The league’s current TV contract with Disney and Turner runs through the 2024-25 season, but it’s not too early to start thinking about the next one — especially when there is so much negative noise about the NBA’s TV ratings.

— The league wants to give fans (and players) their summers back.

Starting the new season before Christmas would probably enable NBA players to participate in the Tokyo Olympics in July 2021. And several of the league’s top international players, such as Italy’s Danilo Gallinari, Marco Belinelli and Nicolo Melli and France’s Evan Fournier and Rudy Gobert, have said in recent weeks how important it is to them.

The league wants to make that happen, if possible, which would also prevent high-profile NBA playoff games from clashing with the Summer Games.

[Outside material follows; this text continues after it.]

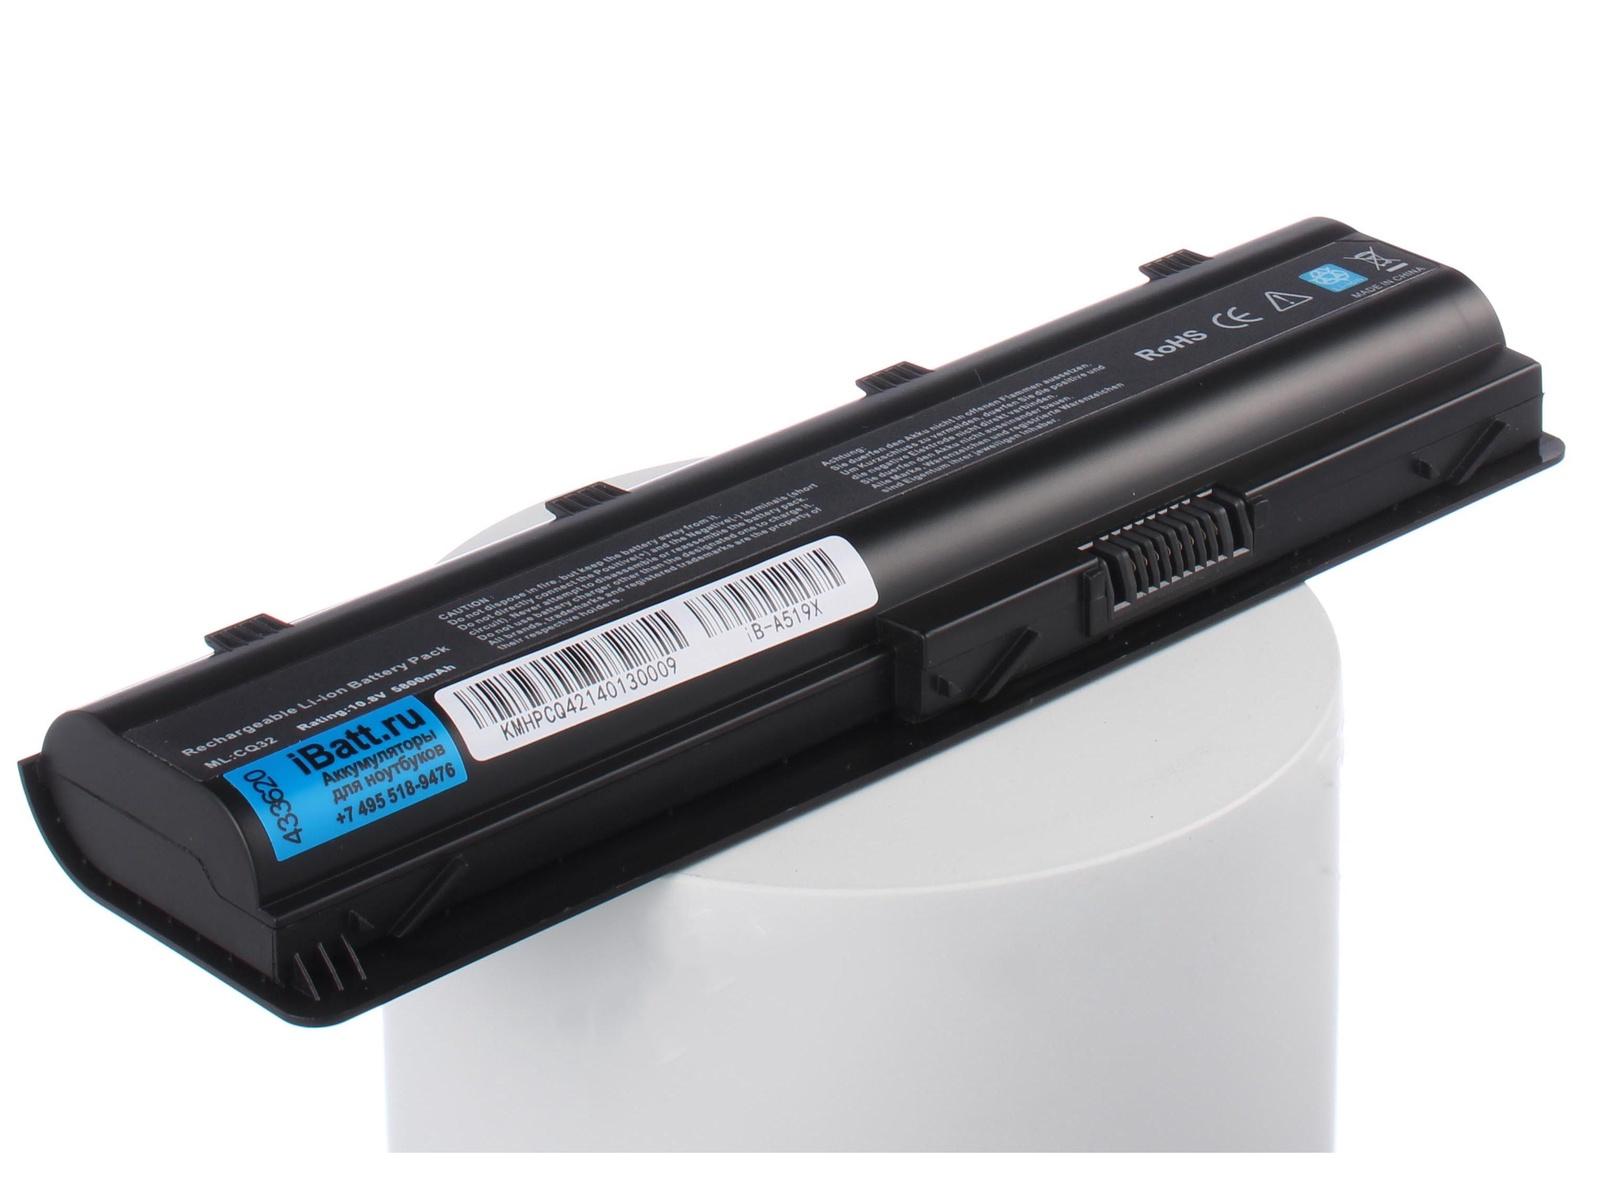 Аккумулятор для ноутбука iBatt для HP-Compaq Pavilion dv7-6025sr, Pavilion DV7-6b00, Pavilion dv7-6c52sr, Pavilion g6-1029er, Pavilion g6-1095sa, Pavilion g6-1132sr, Pavilion g6-1159sa, Pavilion g6-1165ev, Pavilion g6-1206sr

But the bigger motivation for preventing the playoffs from straying too far into July is to avoid playing throughout the summer for a second successive season, while also restoring free agency as the centerpiece of the NBA’s summer calendar.

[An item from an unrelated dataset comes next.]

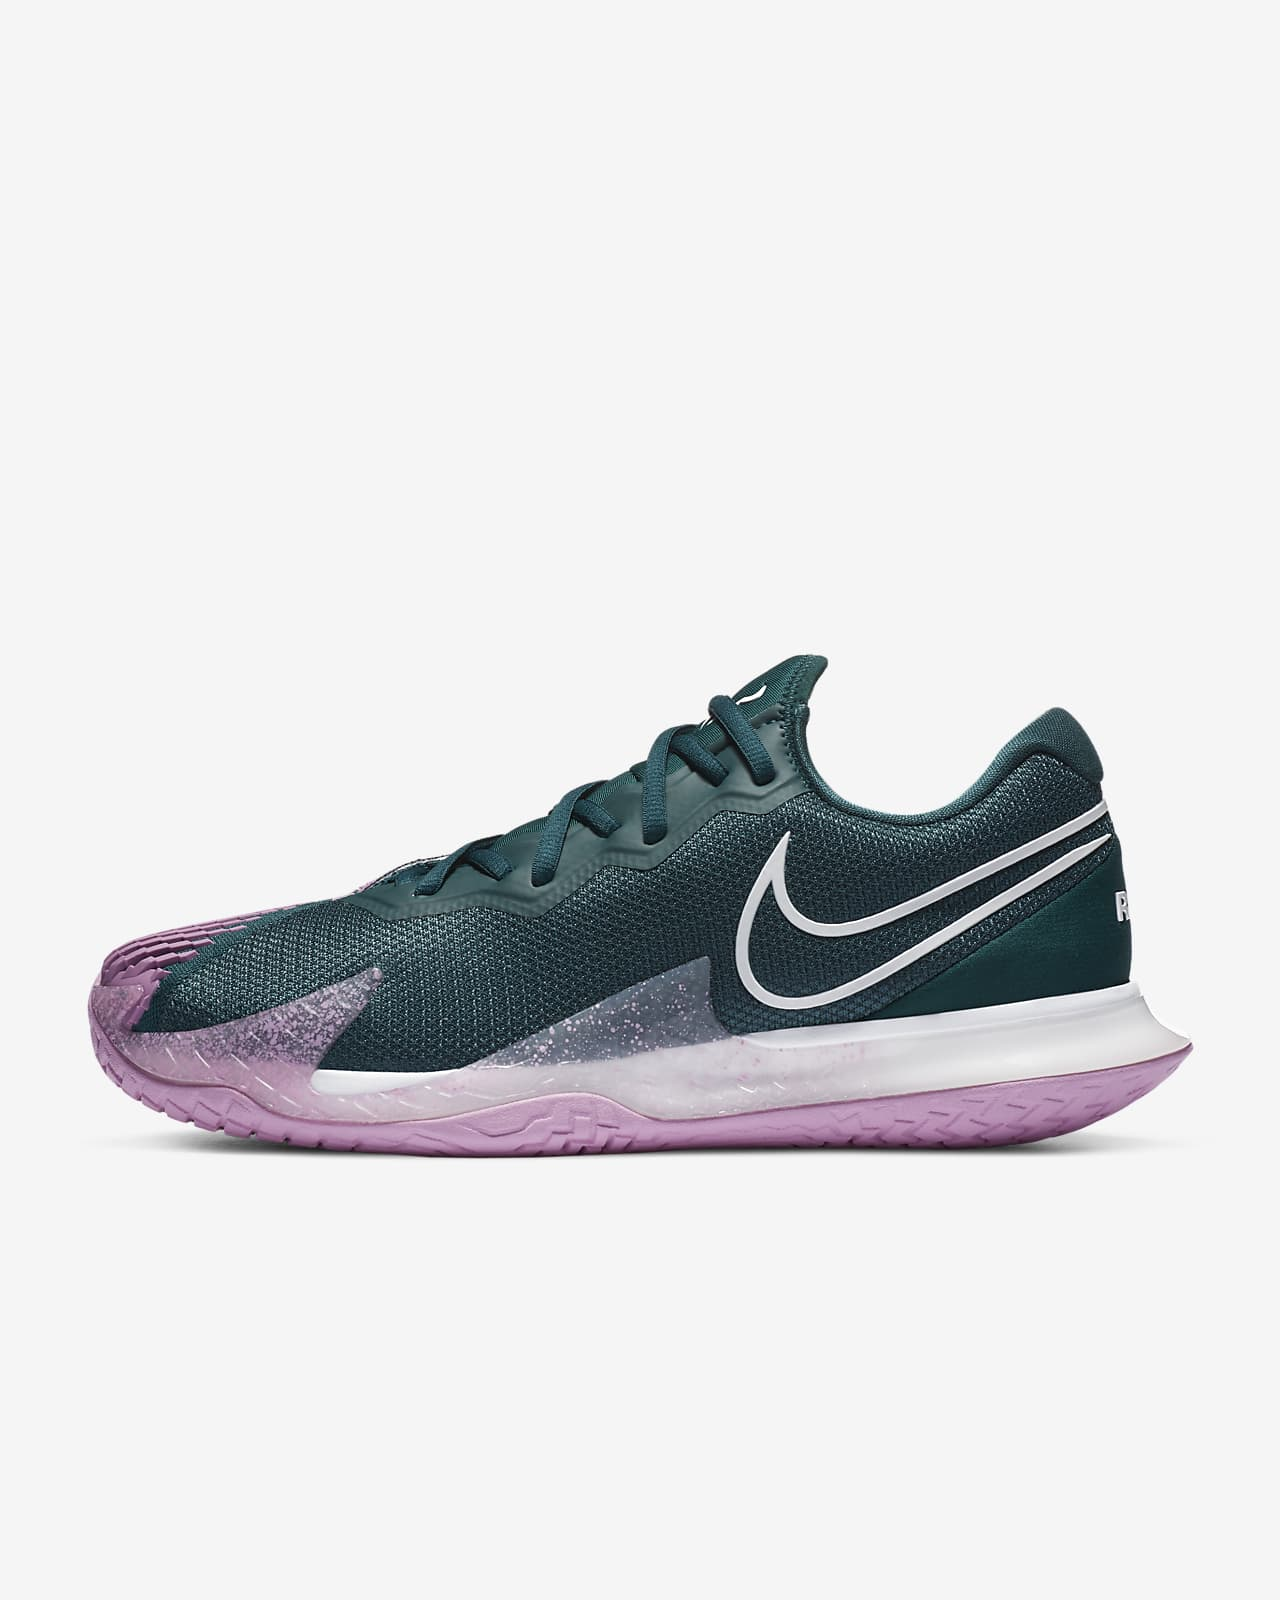 NikeCourt Air Zoom Vapor Cage 4 tennissko for hardcourt til herre

League officials have publicly downplayed concerns about the recent ratings decline, pointing to the NBA’s mammoth social media following as a source of optimism about its broader appeal. Vocal critics — with little to no evidence — increasingly attribute the plunge to a leaguewide embrace of social justice causes, but the dip has had an effect even if there is no clear-cut explanation. Long-held fears among NBA traditionalists that the viewing audience will inevitably shrink after July appear to have been validated.

The bubble was a test run for those who have lobbied the league to move to a season that starts around Christmas and continues through the summer months to compete more with Major League Baseball rather than the NFL. Although numerous sports are contending with worrisome TV ratings, it was a setback for NBA change-seekers that Bubble Ball did not come close to approaching the ratings bonanza some were expecting.

Another inescapable truth: Players want their summers back, too. After the intense demands of the bubble, with the Lakers and the Heat forced to spend nearly 100 days on an isolated campus, Damian Lillard of the Portland Trail Blazers was most likely speaking for many of his peers when he said as much Sunday on Twitter.

— Making this move sets up the NBA for something resembling normalcy in 2021-22.

The sudden shift to a December start, even if it is accepted by the players, would create chaos across the league.

Twenty-two teams have been off since early September, but the Lakers and Miami were still playing less than three weeks ago and would face an unenviable turnaround. Rookies selected in the Nov. 18 NBA draft would find themselves in practice settings just days later, without the benefit of summer league to help with the transition. A compressed free agency is likely to begin before Thanksgiving and run concurrently alongside expedited training camps. And seven teams have new coaches who will be rushing to implement their systems — while Houston and Oklahoma City still have vacancies to fill.

It’s a given that the 2020-21 season can’t possibly proceed as smoothly as bubble life did. Even if the arenas are essentially empty, teams are determined to play in their home markets. Players, coaches and team staffers living at home and traveling would invite the same coronavirus-related risks and problems that have plagued the NFL this season.

But making sure the 2020-21 season ends in July at the latest would increase the NBA’s readiness for a traditional October-through-June run in 2021-22, which appears to be its next real opportunity to regain access to the crowds, sponsors and ancillary arena income that, as Silver said in May, typically accounts for 40 percent of the league’s annual revenue.